She gave him the letter into his hands, and spake again: "And now I
have this to say to thee, if anything go amiss with thee, and thou be
nigh enough to seek to me, come hither, and then, in whatso plight thou
mayst be, or whatsoever deed thou mayst have done, here will be the
open door for thee and the welcome of a friend."

Her voice shook a little as she spake, and she was silent again,
mastering her trouble. Then she said: "At last I must say this to
thee, that there may no lie be between us. That damsel of whom thou
spakest that she was but thy friend, and not thy love--O that I might
be thy friend in such-wise! But over clearly I see that it may not be
so. For thy mind looketh on thy deeds to come, that they shall be
shared by some other than me. Friend, it seemeth strange and strange
to me that I have come on thee so suddenly, and loved thee so sorely,
and that I must needs say farewell to thee in so short a while.
Farewell, farewell!"

Therewith she arose, and once more she took his hand in hers, and led
him to the door. And he was sorry and all amazed: for he had not
thought so much of her before, that he might see that she loved him;
and he thought but that she, being happy and great, was kind to him who
was hapless and homeless. And he was bewildered by her words and sore
ashamed that for all his grief for her he had no speech, and scarce a
look for her; he knew not what to do or say.

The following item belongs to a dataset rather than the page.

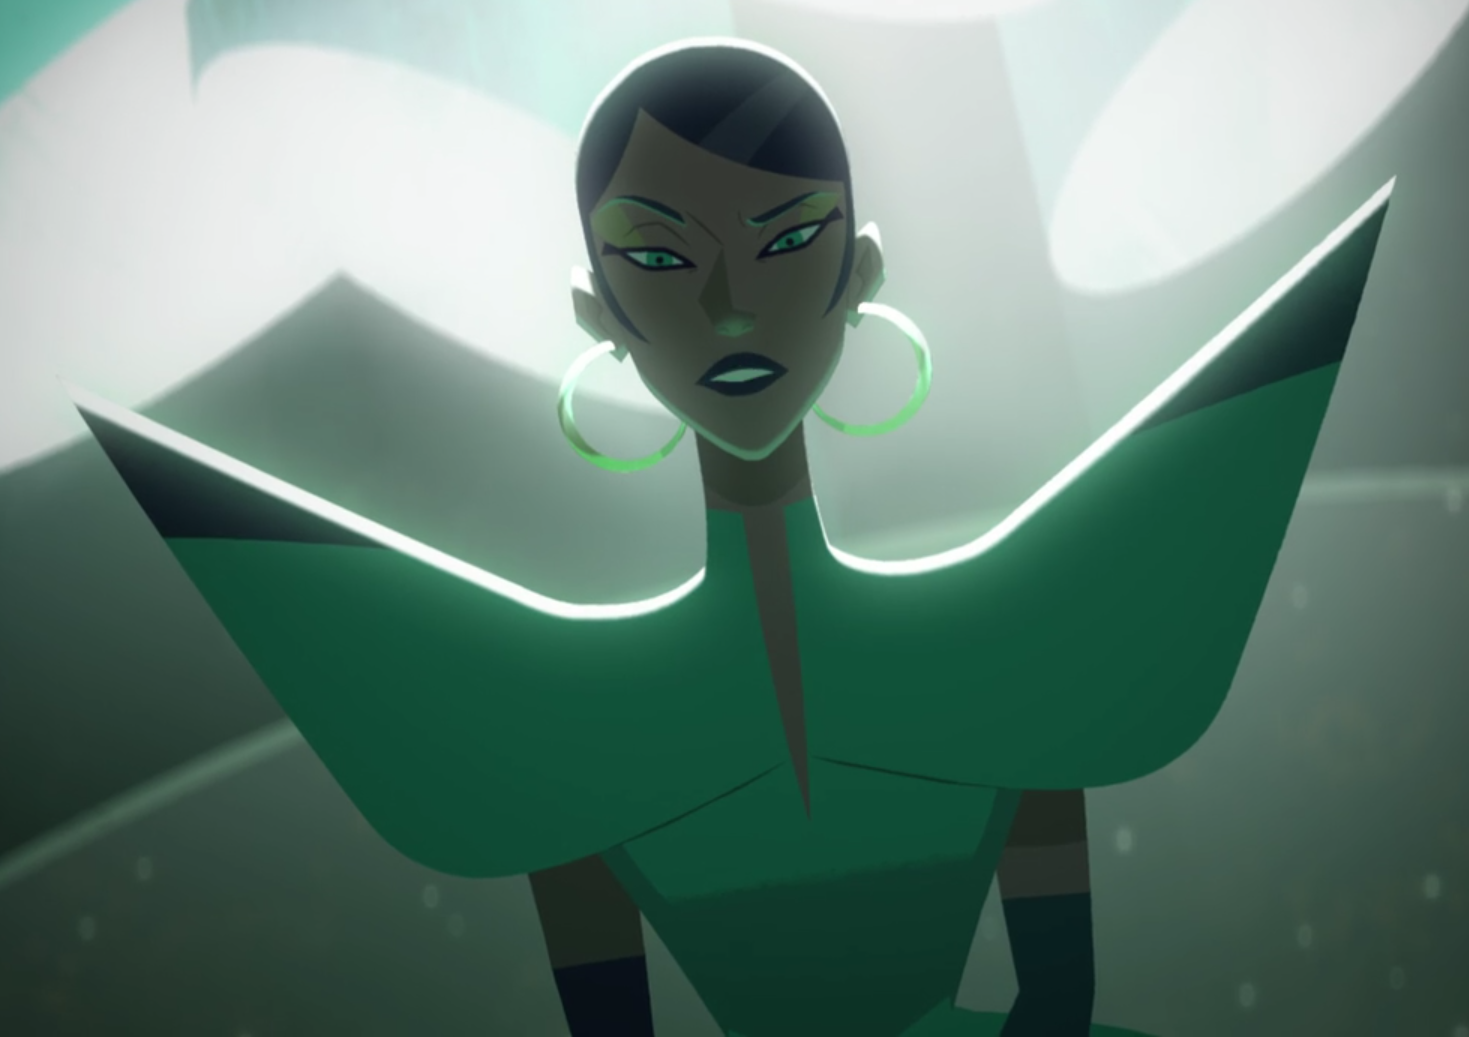 Countess Cleo (Carmen Sandiego)

So he left the Queen's House and the court thereof, as though the
pavement were growing red hot beneath his feet.



CHAPTER 30

Ralph Hath Hope of Tidings Concerning the Well at the World's End


Now he goes to Clement, and tells him that he deems he has no need to
abide their departure from Goldburg to say farewell and follow his
quest further afield; since it is clear that in Goldburg he should have
no more tidings. Clement laughed and said: "Not so fast, Lord Ralph;
thou mayst yet hear a word or two." "What!" said Ralph, "hast thou
heard of something new?" Said Clement: "There has been a man here
seeking thee, who said that he wotted of a wise man who could tell thee
much concerning the Well at the World's End. And when I asked him of
the Damsel and the Lord of Utterbol, if he knew anything of her, he
said yea, but that he would keep it for thy privy ear. So I bade him
go and come again when thou shouldst be here. And I deem that he will
not tarry long."

Now they were sitting on a bench outside the hall of the hostel, with
the court between them and the gate; and Ralph said: "Tell me, didst
thou deem the man good or bad?" Said Clement: "He was hard to look
into: but at least he looked not a fierce or cruel man; nor indeed did
he seem false or sly, though I take him for one who hath lost his
manhood--but lo you! here he comes across the court."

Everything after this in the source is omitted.